Changes in extracellular potassium and calcium concentration and neural activity during prolonged electrical stimulation of the cat cerebral cortex at defined charge densities.

In cats anesthetized with nitrous oxide and halothane, ion-selecting microelectrodes were used to monitor changes in the concentration of potassium [K+]0 and calcium [Ca2+]0 in the extracellular compartment of the cerebral cortex during as long as 4 h of continuous stimulation of the cortical surface. At stimulus charge densities shown to induce only minimal localized histologic changes [20 microC/cm2 . ph at 50 pulses per second (pps)], [K+]0 at a depth of about 750 micrometers underwent only a transient increase at the beginning of stimulation, followed by a rapid return to the prestimulus concentration. [Ca2+]0 was unaffected. At a higher charge density (100 microC/cm2 . ph at 20 pps) there was a rapid transient increase in [K+]0, followed by a more gradual return to a plateau about 1 mM above the prestimulus value. [Ca+]0 usually underwent an initial increase followed by a slow decrease to a plateau value above 0.5 mM. At a charge density of 100 microC/cm2 . ph and 50 pps (shown in histological studies to induce significant neural damage), [Ca2+]0 slowly decreased to near or below 0.5 mM in the middle layers of the cortex.
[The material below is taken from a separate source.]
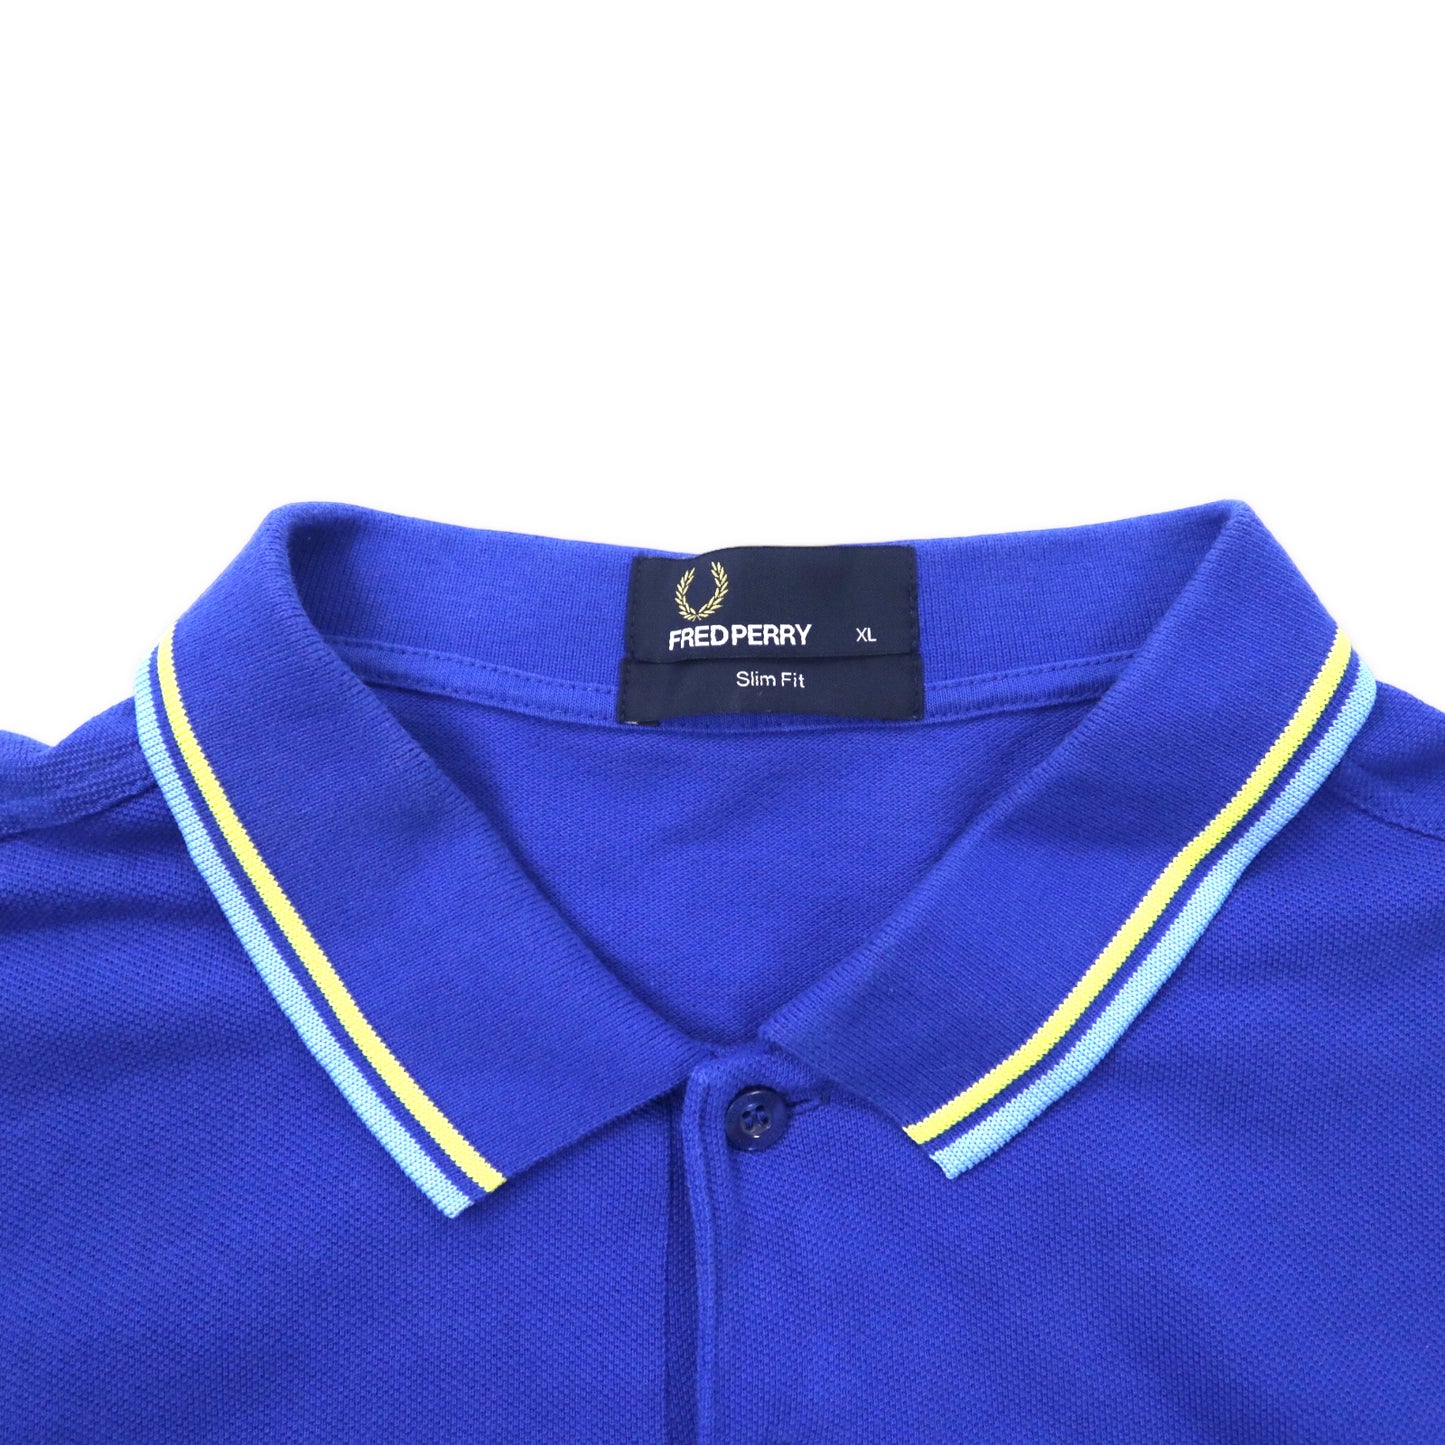 FRED PERRY ポロシャツ XL ブルー コットン SLIM FIT ワンポイントロゴ刺繍 M3600

After 30 to 40 min of stimulation, [K+]0 underwent episodic fluctuations about a plateau value 0.5 to 1 mM above the prestimulus concentration. Simultaneous recordings of the compound action potential in the ipsilateral pyramidal tract indicated that these fluctuations were due to local changes in the excitability of intracortical circuitry conditioned by the intense stimulation. The results have implications for the possible interrelation of the changes in extracellular ionic concentrations and the early stages of stimulation-induced neural damage.